Bug 20641 - [NL] Editors preferences - 'Default' Text file detected incorrectly on W2K and XP
Summary: [NL] Editors preferences - 'Default' Text file detected incorrectly on W2K an...
Status: RESOLVED FIXED
Alias: None
Product: Platform
Classification: Eclipse Project
Component: Text (show other bugs)
Version: 2.0   Edit
Hardware: PC Windows 2000
: P3 normal (vote)
Target Milestone: 3.0   Edit
Assignee: Platform-Text-Inbox CLA
QA Contact:
URL:
Whiteboard:
Keywords: nl
Depends on: 22016
Blocks:
  Show dependency tree
 
Reported: 2002-06-19 09:34 EDT by Christophe Cornu CLA
Modified: 2006-05-12 07:34 EDT (History)
5 users (show)

See Also:


Attachments
Readme for PR20641 (1.67 KB, text/plain)
2002-06-20 18:44 EDT, Christophe Cornu CLA
no flags Details

Note You need to log in before you can comment on or make changes to this bug.
Description Christophe Cornu CLA 2002-06-19 09:34:56 EDT
Build F3
In Window > Preferences > Editors > Text file encoding > Default
On W2K and XP, the value can be incorrect.

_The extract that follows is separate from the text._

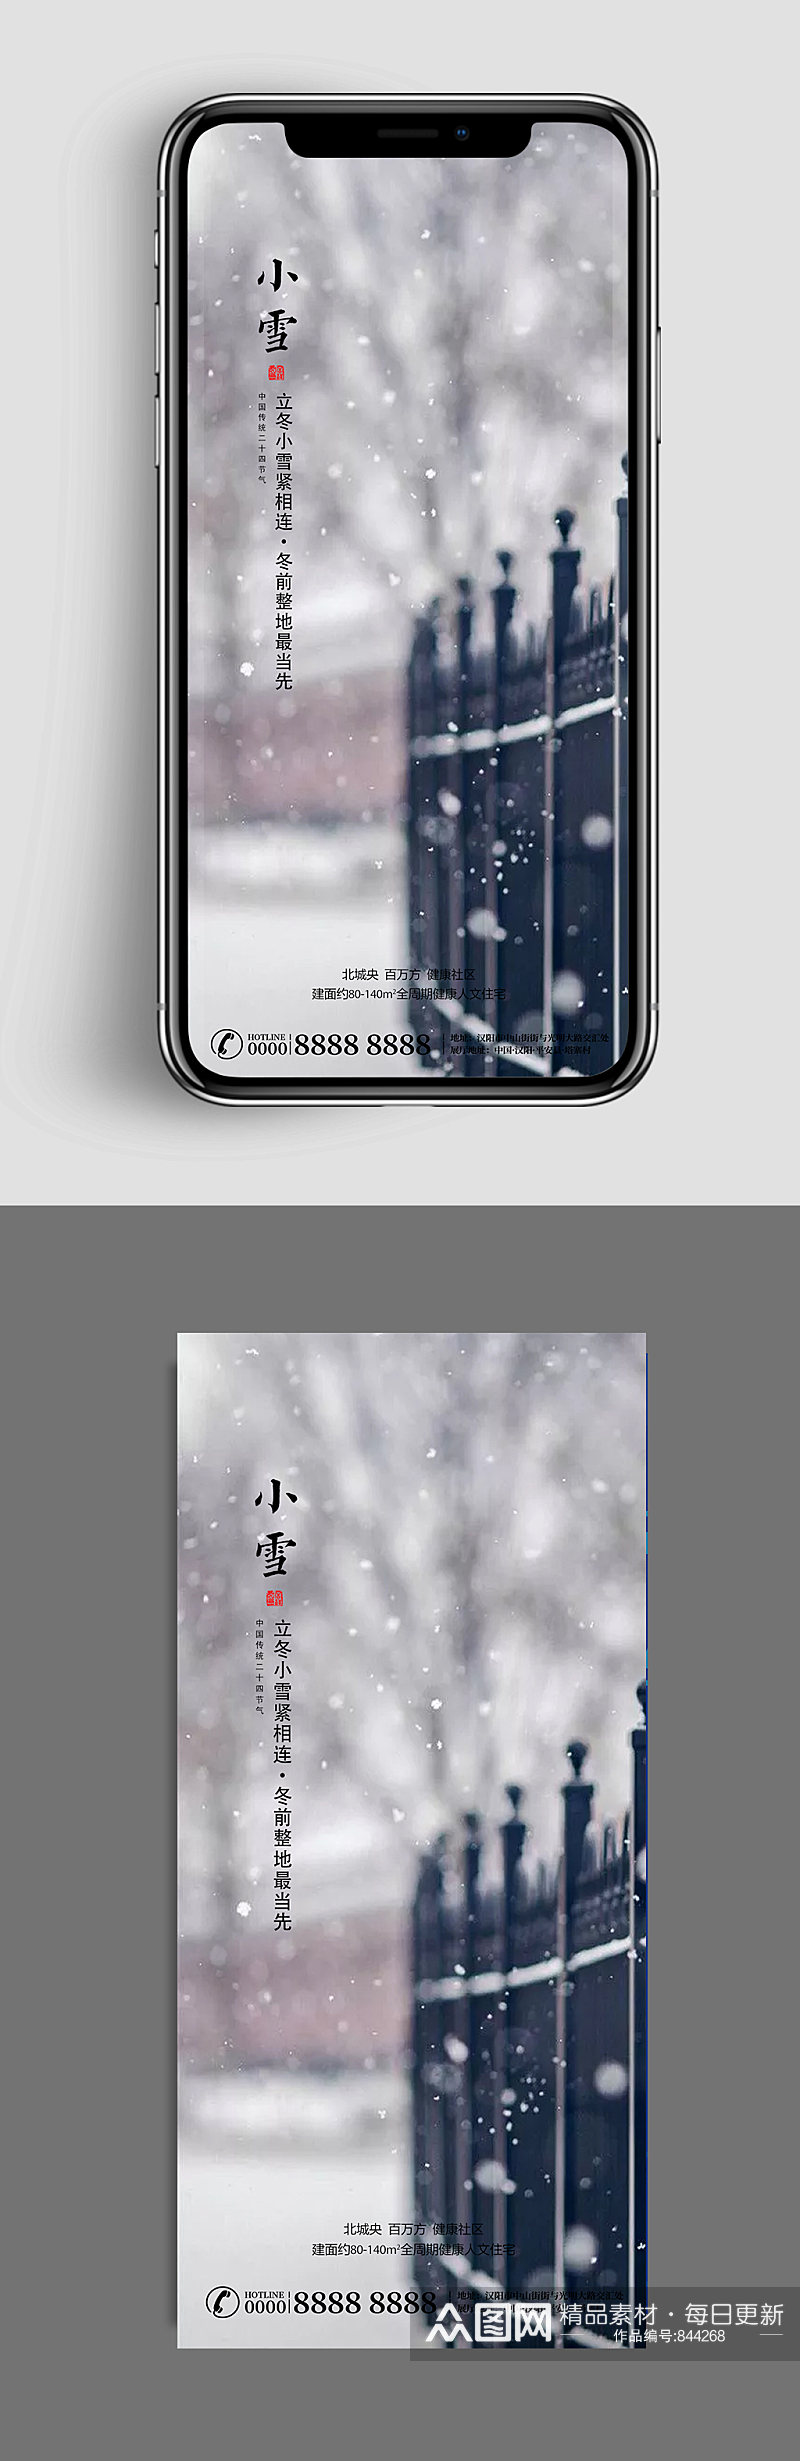 铁栅栏雪景手机海报素材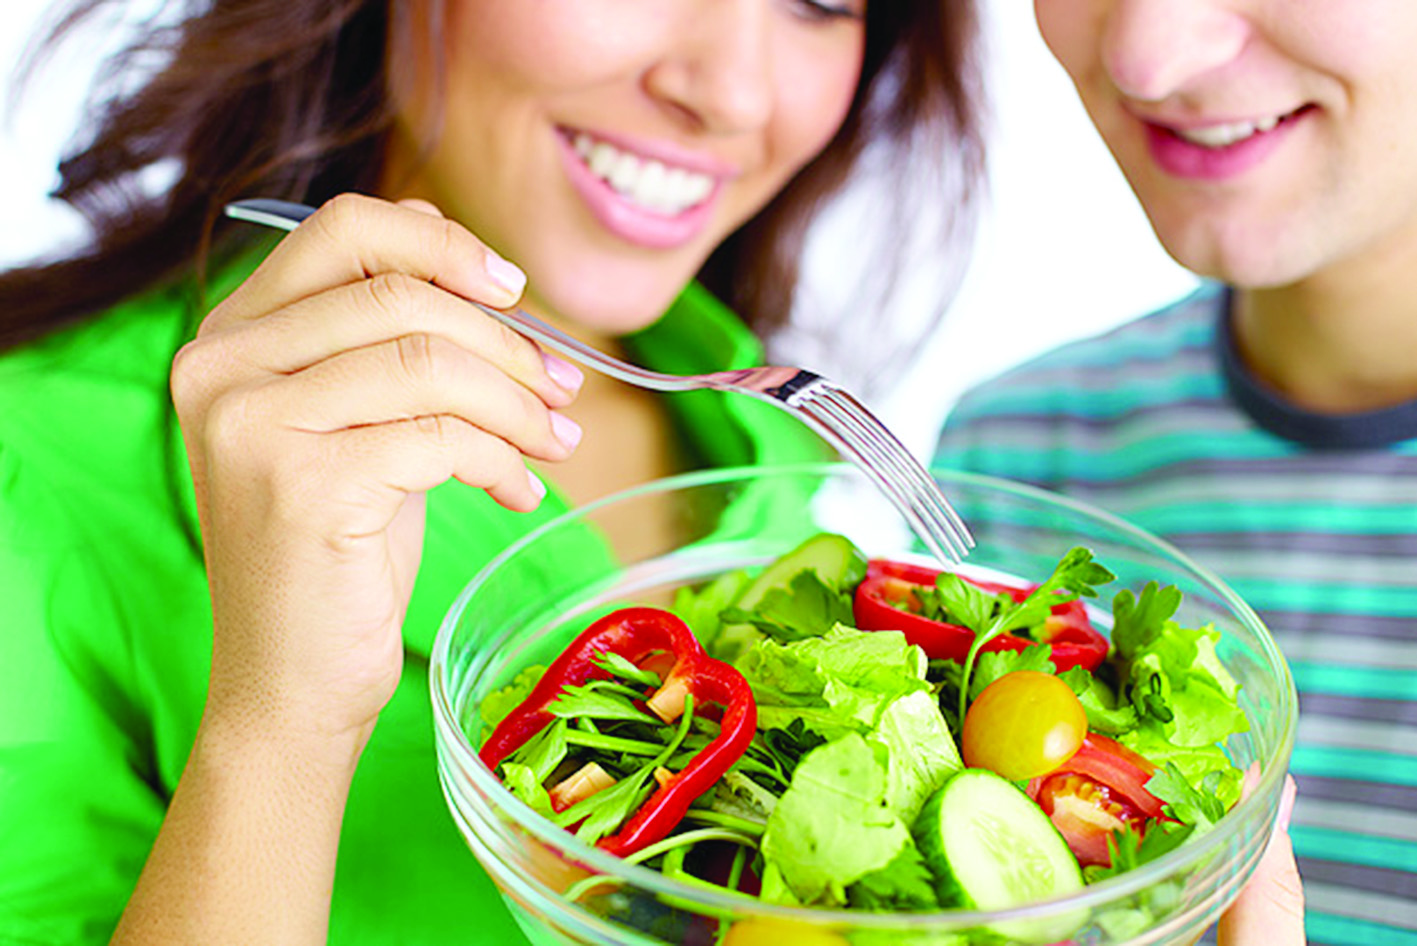 النظام الغذائي النباتي يقي من أمراض القلب والأوعية الدموية والسكري

The problem appears to be due to the JRE not returning the correct value. So 
the bug does not reside directly inside Eclipse, but this impacts Eclipse and 
may need to be worked around. I used IBM 1.3.1 jre.

Apparent JRE bug:
// on W2K/XP, returns user's locale, not the system's locale
String fileEncoding = System.getProperty("file.encoding");

W2K/XP define multiple locales.
Microsoft explains what user's locale and system's locale mean at:
http://www.microsoft.com/globaldev/faqs/locales.asp

How to reproduce:
.Use a W2K or XP box with multiple locales installed. For example Hebrew and 
English.
.Set the system locale to Hebrew (code page 1255)
.Set the user's locale to English (code page for latin languages: 1252)
(See PR20373 for explanations on how to set the system and user's locales on 
W2K and XP)
Eclipse will display 1252 as the default codepage for file encoding. This is 
wrong, it should be 1255.

A simple workaround for the user is to ensure that the user's locale is 
matching their system locale - Eclipse will display the correct default file 
encoding as a result.

PR20373 contains more info related to bidi issues/confusions.
Comment 1 Nick Edgar CLA 2002-06-19 09:58:03 EDT
Should investigate whether there is a more appropriate system property we can 
use.
Comment 2 Tod Creasey CLA 2002-06-19 10:45:07 EDT
I think we actually have it right. The purpose of setting the user locale in 
Win2000 is to allow for switching of input and save modes.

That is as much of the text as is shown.